PILING

Drilling in a church

The Catholic Sint Hendrik Church near Brussels may be an unusual place to find a drill rig but one is being used as part of the work is currently being undertaken at church, which was built between 1908 and 1911 in the neo-Gothic style, as a replica of a Dominican monastery.

 A KLEMM KR 801-3FS drill rig has been used to install micropiles in a Belgian church

A KLEMM KR 801-3FS drill rig has been used to install micropiles in a Belgian church

Before the restoration work could be carried out, the existing foundations of the church had to be extended in order to transfer the load of the church building to the lower layers of earth.

CVR nv, headquartered in Beringen, Belgium, has been using drill rigs from KLEMM Bohrtechnik for many years and for this project a KR 801-3FS drill rig from KLEMM was used to make micropiles and cement columns using the 1-phase jet grouting method.

The work, which needed to be performed in part under some very tight spatial constraints for example, along the existing foundations of the church, required a drill rig with compact dimensions.
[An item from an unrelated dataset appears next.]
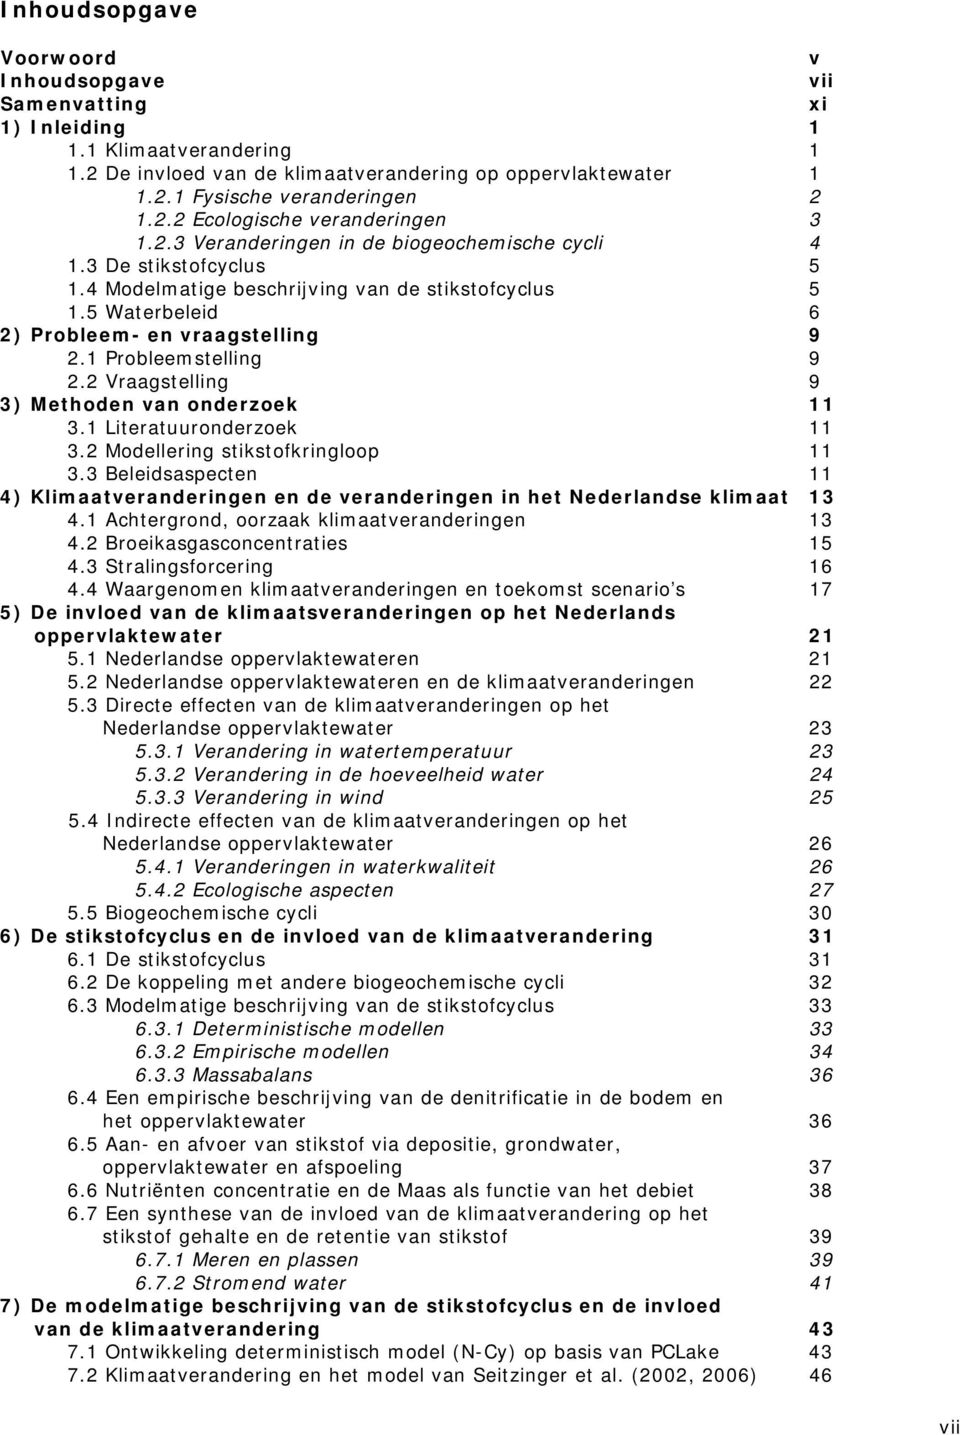 2 Vraagstelling 9 3) Methoden van onderzoek 11 3.1 Literatuuronderzoek 11 3.2 Modellering stikstofkringloop 11 3.

With its flexible and load-bearing boom for aligning the drill mast in a wide range of drilling gradients and distances in front of and to the side of the drill rig, the KLEMM KR 801-3FS was the choice for this job. The installed drill mast with lattice mast extensions permits drilling depths of down to 13m in single-pass operation. The drill rods are driven by a rotary head type KH 14SK, which is fitted with a hydraulic mandrill for drill rods up to a diameter of 114.3mm.

A total of 123 HPI piles with diameters of 70cm and 90cm and a length of 8.5m were drilled (of which 38 were 180° sector piles with a diameter of m) The load on the piles amounted to 560kN for 70cm diameter piles and 1,111kN for 90cm diameter piles.